保育虐待を防ぐために「小さな芽の時期に摘むことが大切」
奥野斐 (2022年12月16日付 東京新聞朝刊)
「まさか保育所で虐待を受けているなんて…」。2年ほど前、1歳児のわが子が保育士にたたかれたり、「あっちに行け」と暴言を吐かれたりしたという保護者を取材しました。母親の涙声の訴えに胸が痛くなったのを覚えています。
先月末、静岡県裾野市の認可保育園で保育士3人が1歳児を宙づりにしたり、カッターナイフを見せて脅したりするなどの不適切な保育や虐待が行われていたことが分かりました。事実の把握後も公表していなかった園や市への憤りの声が聞こえてきます。その後も各地の園で保育士による虐待が発覚しています。

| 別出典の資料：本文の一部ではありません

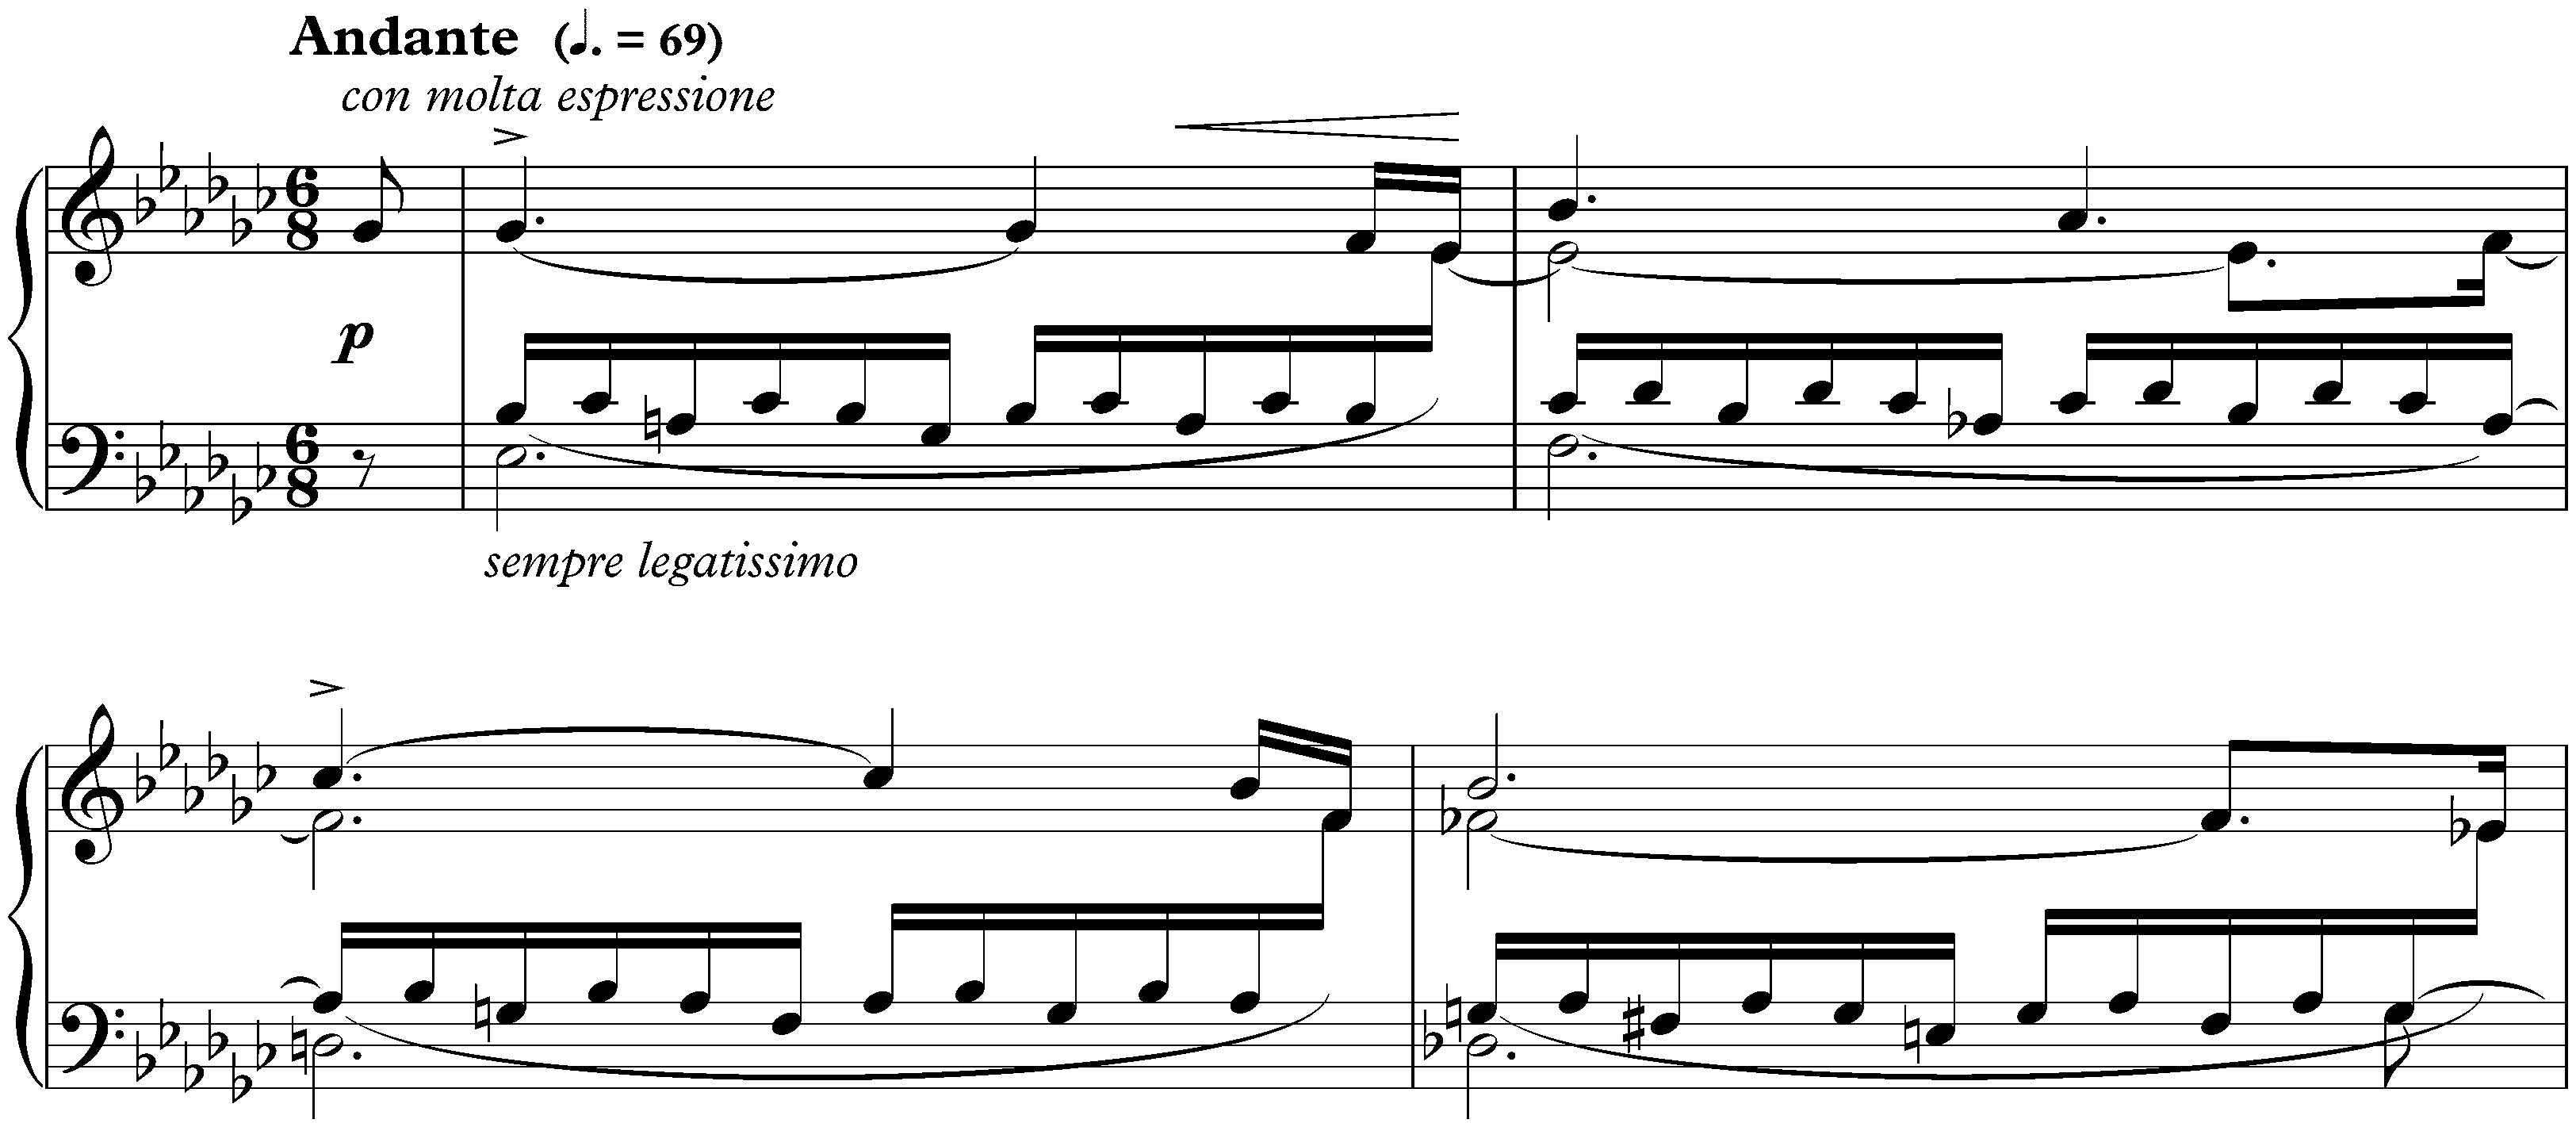 Twelve Études, op. 10; 6. E-flat minor

「東京すくすく」では、虐待を受けた子の親を取材した記事を2020年8月に掲載。2018年11月には「介護・保育ユニオン」が保育虐待について実施したアンケート結果や保育士の声を公開し、その後も現役園長に虐待をなくすヒントを尋ねたインタビューなどを発信してきました。今回の件を受け、こうした記事に新たなコメントが届いています。
インタビュー記事はこちらです。ぜひお読みください。
虐待や不適切な保育をなくすにはどうしたらいいか。都内の認可保育園の園長、河合清美さんは当時の取材に「小さな芽の時期に摘むことが大切」と強調しています。その上で、保育士らに向け、国の「保育所保育指針」を読むなどして子どもの発達に関する知識を得ること、業務の見直しや問題を一人で抱え込まないことを呼びかけました。
虐待の背景には、保育士1人がみる子どもの人数(配置基準)や、施設の安全性や保育内容をチェックする自治体の監査のあり方の問題も指摘されています。子どもの育ちを守るため、保育環境にいま一度、目を向けることが必要です。